# First tank 29 gallon with water feature



## blaisewilson (Aug 16, 2009)

Hi everyone. This is my fist tank and I'm pretty happy with how it has turned out. I just finished planting it and am now waiting a few weeks for it to grow in and for springtails to get going. I plan on getting 3 leucs. The water feature isn't running yet, but I've tested it and it turned out just how I wanted, drips of water coming off of the tips of the branches.


----------



## Arpeggio (Jan 15, 2011)

First thing first, put a stick or something so that the frogs can get out of the pool if they fall in!  

Now, good size tank to start off with. Looks good and you've got all the basics. The water feature sounds cool!


----------



## FIT BMX (Jun 10, 2011)

Looks a lot better than my first tank!


----------



## Darts/Mantellas.by.P3RRY (Feb 1, 2011)

Ive got 3 really nice luecs for sale at a good price PM me if interested...Very beautiful tank by the way.


----------



## deboardfam (Feb 7, 2011)

Looks good... +1 on the stick in the water. 
Definately great for a first tank and great choice on first frogs.
Leucs are one of my favs.


----------



## blaisewilson (Aug 16, 2009)

Thanks guys! I'm super excited about this tank. It turned out a lot better than I expected. 
I ordered some anubias that I plan on growing emersed near the land section. Would that be good enough for the frogs to get out of the water? The water level is also higher now than in the picture. its about 1/3 of the way up the cork edge. And the back by the water fall is at about a 45 degree angle that they could crawl up.
Here are some pics of it now.


----------



## blaisewilson (Aug 16, 2009)

Here is a video of the tank with the water feature up and running.


----------



## blaisewilson (Aug 16, 2009)

Updated video of the viv!


----------



## FrogFever (Aug 12, 2011)

I'm no expert on keeping darts but it seems like that water is far too deep for those guys. Maybe put some more rocks in there?


----------



## blaisewilson (Aug 16, 2009)

An update on the viv. It has been about 5 months since I planted the tank and a few things have changed. Here are some pics of the viv and the new inhabitants.

and there are a few places for the frogs to climb out of the water, a gravel slope, and the back of the waterfall goes into the water at about a 45 degree angle.


----------



## Edhurl (Nov 8, 2011)

I like it, whats the mossy stuff growing on the water feature?


----------



## blaisewilson (Aug 16, 2009)

It's java moss. Honestly it's not my favorite moss, it's just what I had when i was building it. Though I am liking it better the more it grows in, it's just a little stringy for me.


----------



## brinkerh420 (Oct 2, 2011)

Cool patterns on the leucs. Have barely seen that kind of vertical stripes!


----------



## Alegre323 (Sep 2, 2011)

very nice tank bro!


----------



## Varno (Oct 19, 2004)

I see that one leuc still has that amazing pattern, hope he keeps it as he matures!
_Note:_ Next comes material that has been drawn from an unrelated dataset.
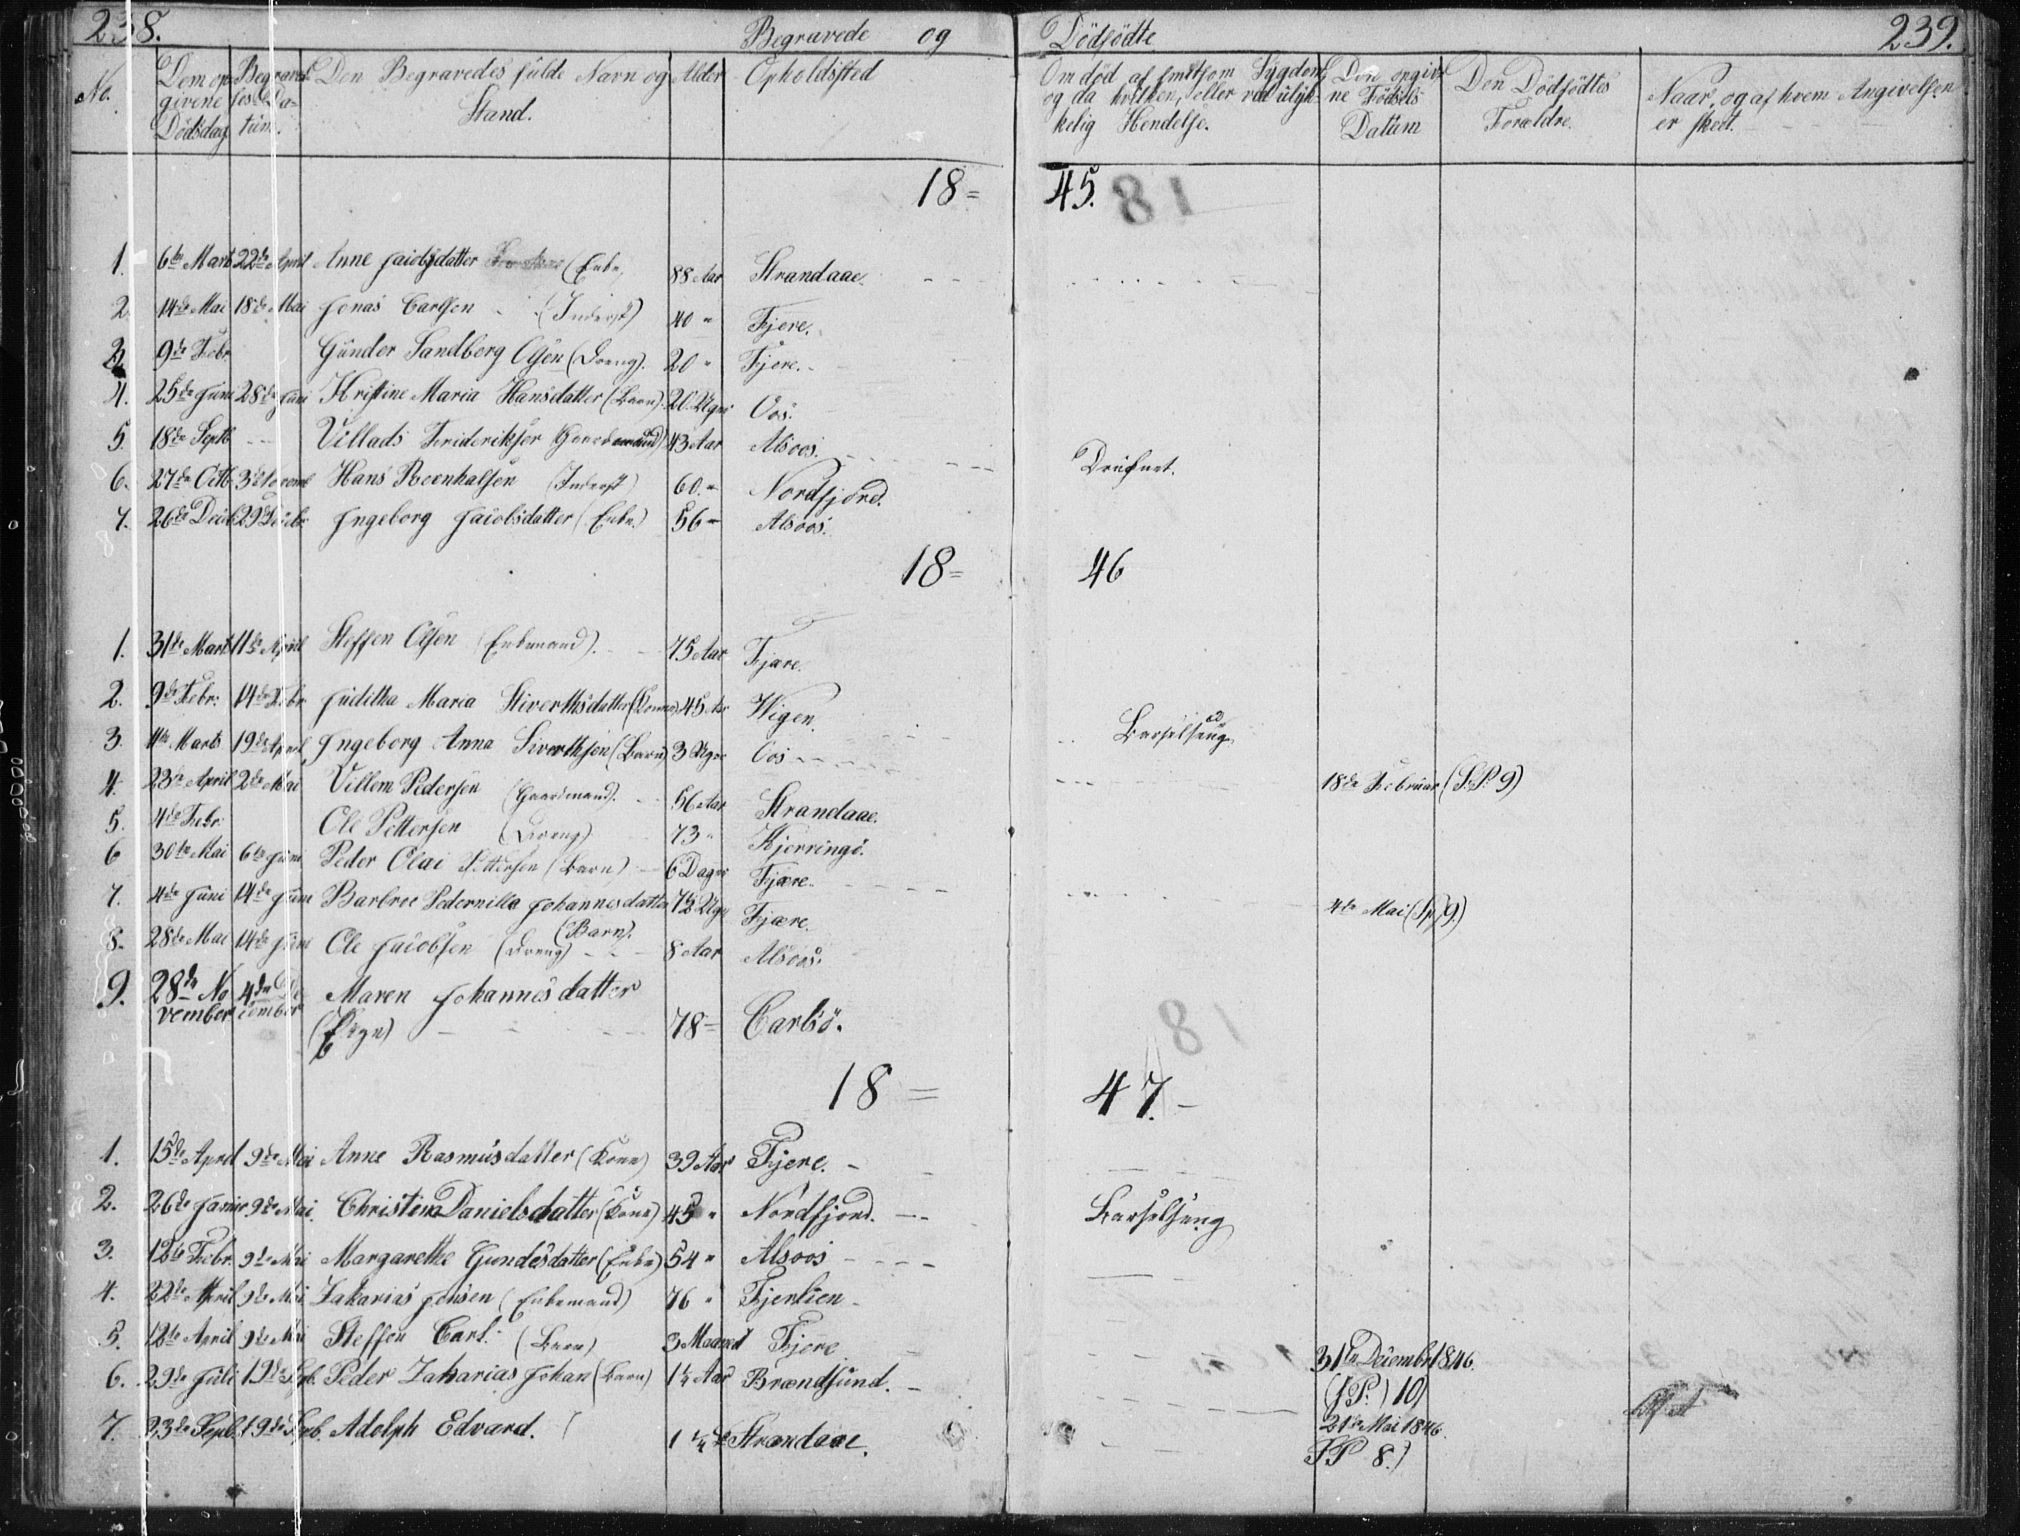 SAT, Ministerialprotokoller, klokkerbøker og fødselsregistre - Nordland, 803/L0074: Klokkerbok nr. 803C01, 1845-1866, s. 238-239

How's the group doing?


----------



## blaisewilson (Aug 16, 2009)

Thanks for the compliments guys! I am super happy with how the tank has turned out. I am going to get some vines soon to cover the rest of the coco fiber background. I really like the look of a vine covered wall with shelves and plants sticking out of it, either wondering jew or creeping fig, or maybe both.

And Varno, they are doing great so far. Much more active, and the smaller one is starting to catch up to the others. I hope they all keep their patterns. I feel like I have a very good variety right now.


----------